Gopher Gang
- The Gopher Gang, Owney Madden back row, middle, leaning forward, circa 1910
- Founded: c. 1890
- Founded by: Marty Brennan Stumpy Malarkey Newburg Gallegher
- Founding location: Hell's Kitchen, New York City
- Years active: 1890s–1910s
- Territory: Manhattan
- Ethnicity: Irish-American
- Membership (est.): 500 (est.)
- Criminal activities: Burglary, armed robbery, street muggings, assault, prostitution and illegal gambling.
- Allies: Battle Row Ladies' Social and Athletic Club Parlor Mob Gorillas Rhodes Gang
- Rivals: Hudson Dusters

= Gopher Gang =

American street gang

The Gopher Gang was an early 20th-century New York street gang who counted among its members Goo Goo Knox, James "Biff" Ellison, and Owney Madden, born in England of Irish ancestry. Based in the Irish neighborhood of Hell's Kitchen, the Gopher Gang grew to control most of Manhattan with their territory covering Fourth to Forty-Second Street and Seventh to Eleventh Avenue.

==History==
===Origins and early years===
The Gopher Gang formed from various local street gangs in the 1890s, numbering around 500 members, into what later became a committee including Marty Brennan, Stumpy Malarkey, and Newburg Gallegher. The committee met semi-regularly at their headquarters known as Battle Row, a saloon owned by Mallet Murphy, to discuss robberies and divide profits from Manhattan bordellos and illegal gambling operations.

===Murder of William Lennon===
Gallagher became involved in a three-year feud with local bartender William Lennon in 1907, their dispute being over a card game, which resulted in several violent altercations between them. The first incident between the two required Gallagher to have stitches after Lennon had repeatedly slashed his face with a knife. Gallagher later claimed that Lennon had threatened to shoot him on sight and engaged him in several gunfights including an incident in December 1909 when Lennon wounded him in a gunfight between the two.

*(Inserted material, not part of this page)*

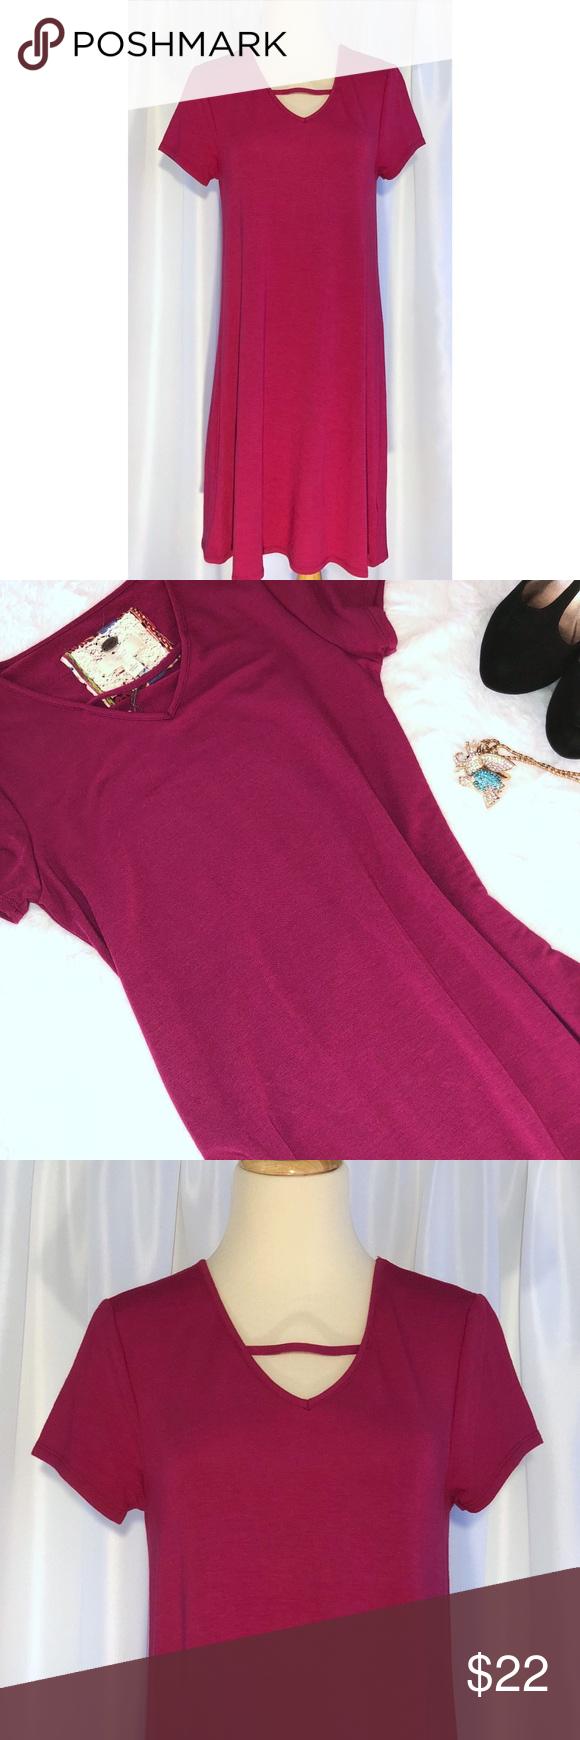 92dfd089de 💲🔟SALE NWT Magenta Swing T-shirt Cutout Dress NWT Cupio Cutout Swing T
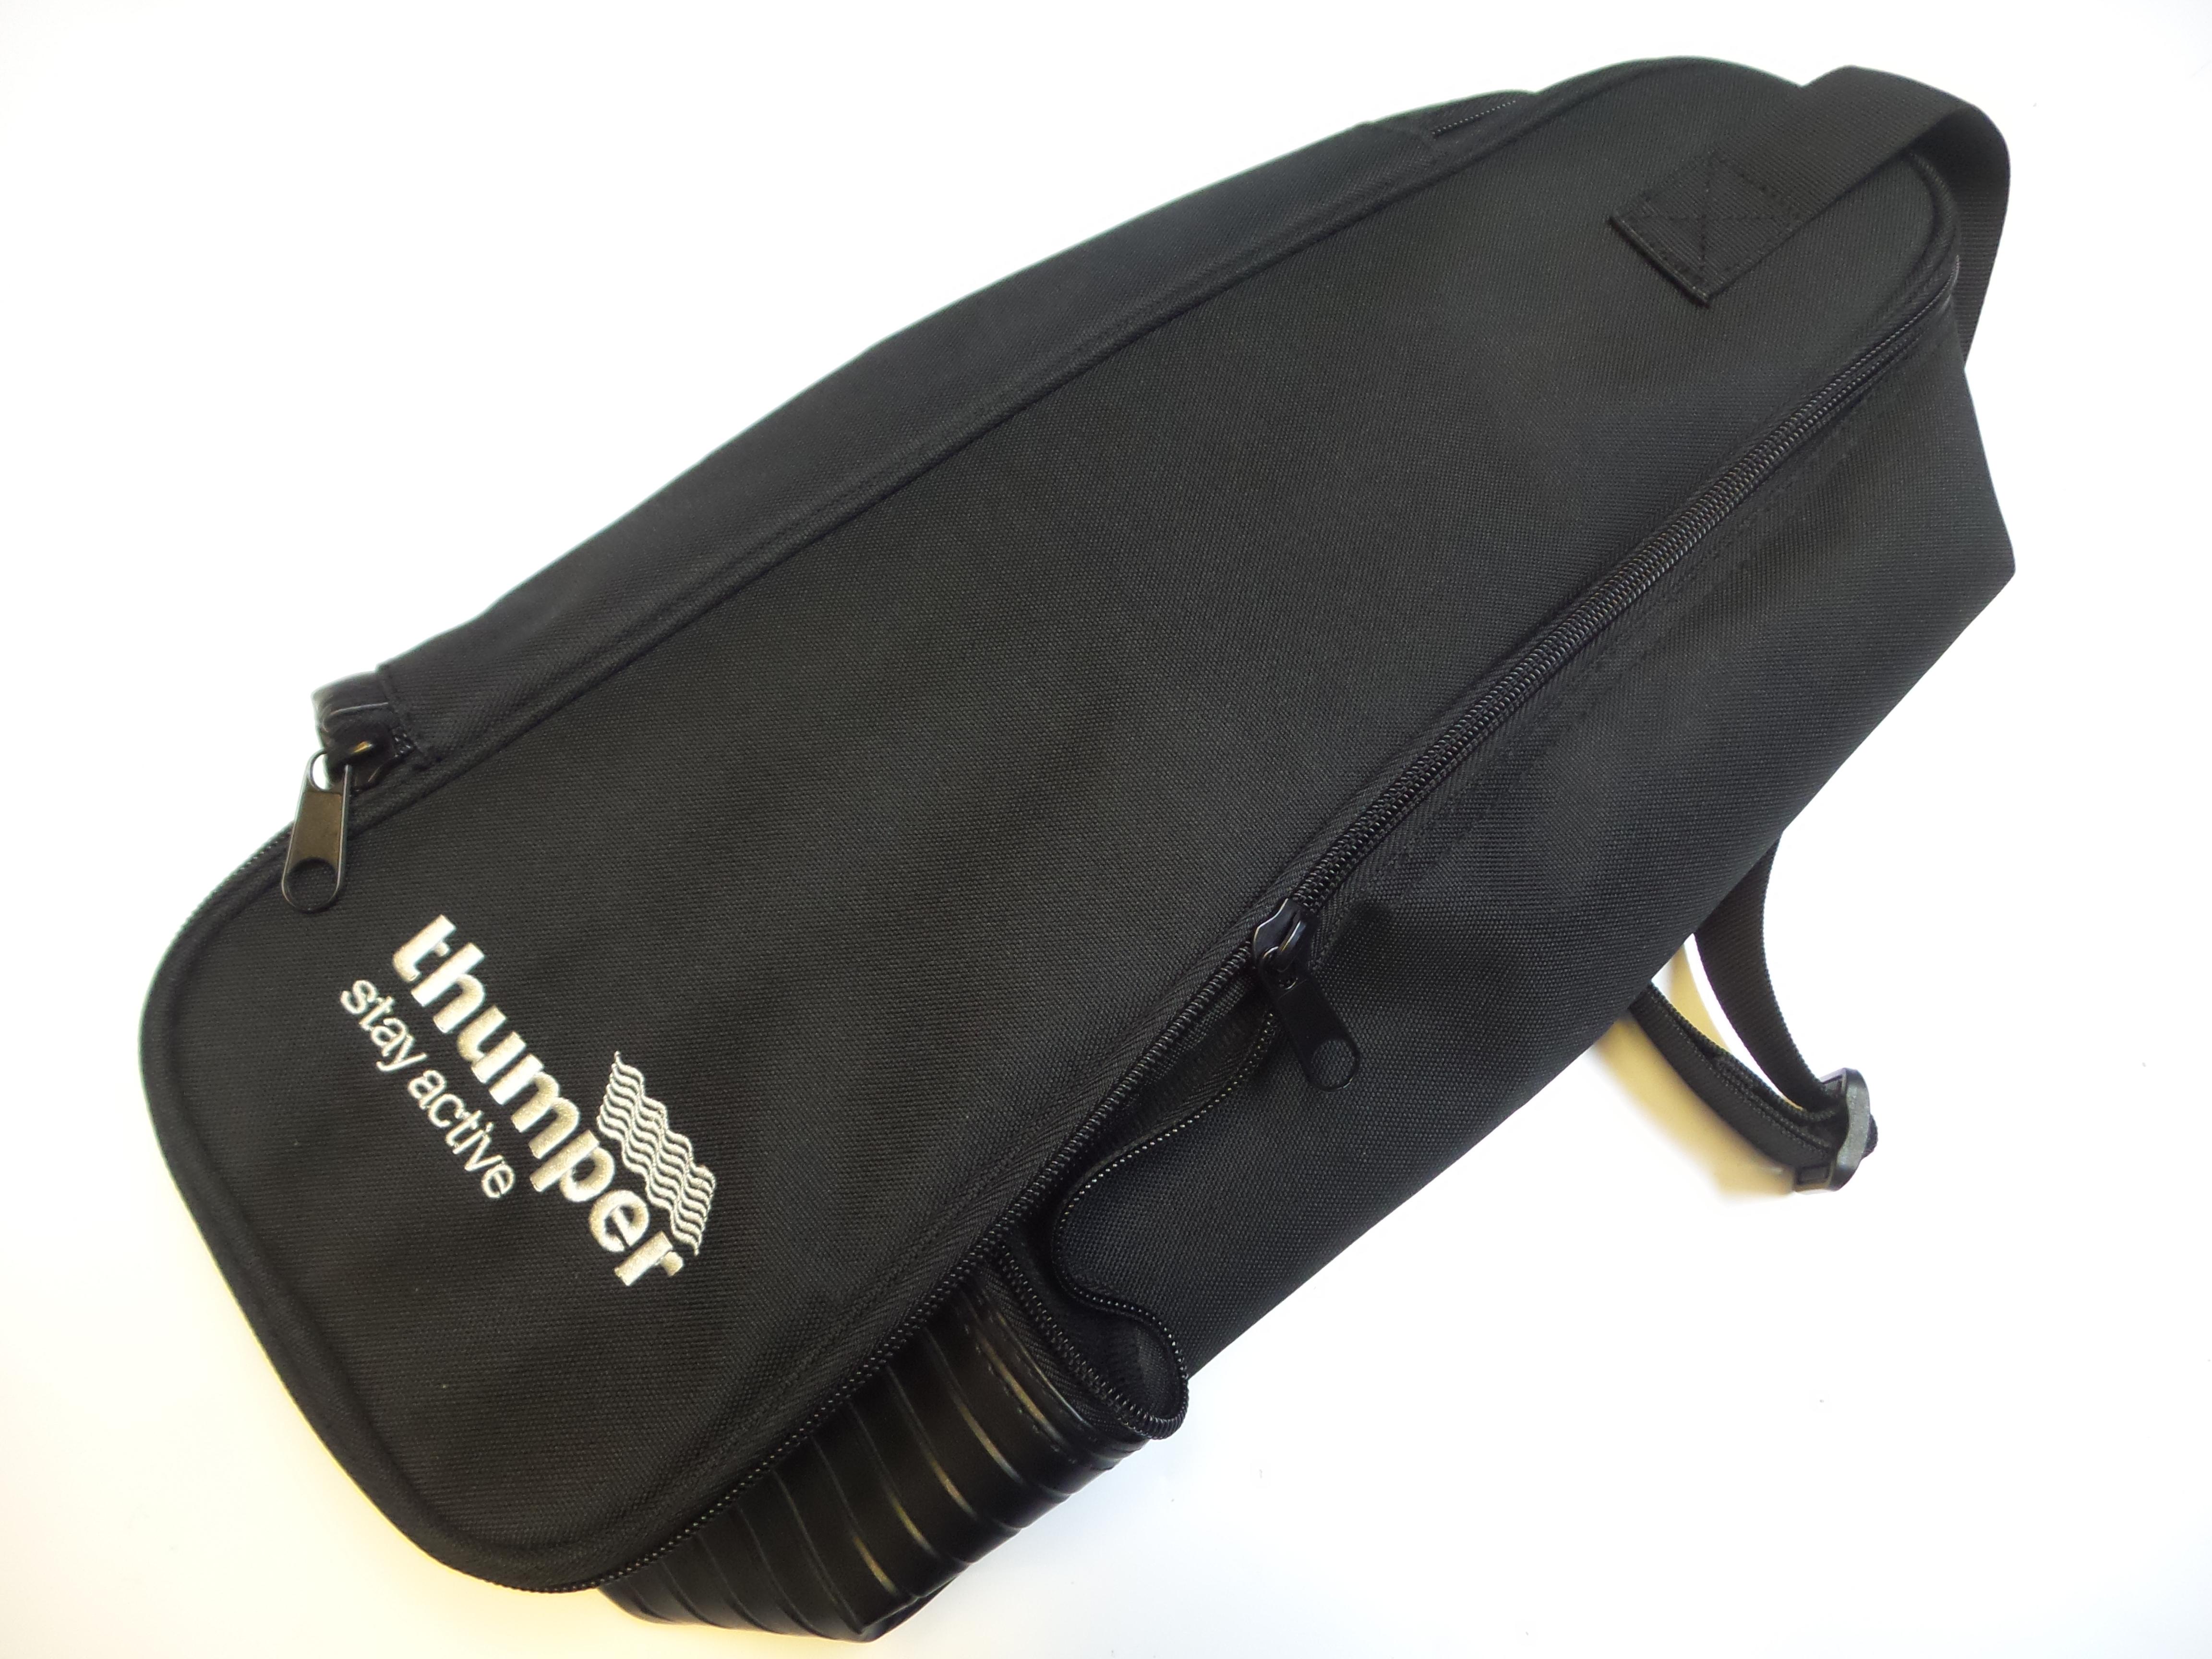 Fabrication Enterprises 14-1085 Thumper Mini-Pro 2 Body Massager, Carry Bag Only

On May 17, 1910, he and Marty Brennan entered a saloon where Lennon was working. After another argument between the two, Lennon drew a revolver and shot Gallagher in the stomach (two of these bullets were still lodged in his body at the time of his trial). Gallagher and Brennan entered another saloon at Eleventh Avenue and Forty-Fifth Street where, according to Gallagher, they unexpectedly encountered Lennon who was now working there. Upon spotting the two gang members, he swore at them and apparently went for his hip pocket when Gallagher pulled his pistol and fired three shots, killing him. He and Brennan left the saloon and were arrested shortly after.

Charged with manslaughter, Gallagher made a full confession, taking full responsibility for the killing, and claimed that Brennan had taken no part. The two were convicted and given long jail sentences. Gallagher, this being his first criminal offense, was sentenced to serve between 9 and 19 years imprisonment by Judge Foster on November 9, 1910. Despite his efforts, Brennan was also sentenced to 19 years due to a previous prison term in Elmira.

===One Lung Curran and decline===
In the early 1910s the Gophers were led by One Lung Curran who was notorious for his attacks on lone patrolmen. Although most police rarely patrolled Hell's Kitchen, and only then in large groups, Curran often stole officers' uniforms and, after taking them back to his girlfriend for alterations, would wear the stolen clothes around the neighborhood. This encouraged other gang members to steal uniforms for themselves, becoming a sort of trend among the prominent gang members.

The gang began employing younger apprentice gang members such as the Baby Gophers and other gangs subordinate to the Gophers. These included the Parlor Mob, the Gorillas, and the Rhodes Gang as well as a female gang known as the "Lady Gophers", led by Battle Annie. The Battle Row Ladies' Social and Athletic Club, as they were officially called, acted as reserve members of several hundred women for the Gophers in territorial disputes against rival gangs and as strikebreakers during the next decade. With the death of One Lung Curran in 1917, the gang declined in power, breaking up after most of the gang leaders were arrested by the end of the year.

==Popular culture==
The 2002 film Gangs of New York directed by Martin Scorsese provided a fictionalized history of the Civil War-era origin of the competing Irish immigrant crime crews which dominated Five Points. The film explains the social tradition of enduring, if not actually shielding, Irish gangs in Manhattan's Irish-American neighborhoods.

The gang features prominently in Clive Cussler's 2010 novel The Spy.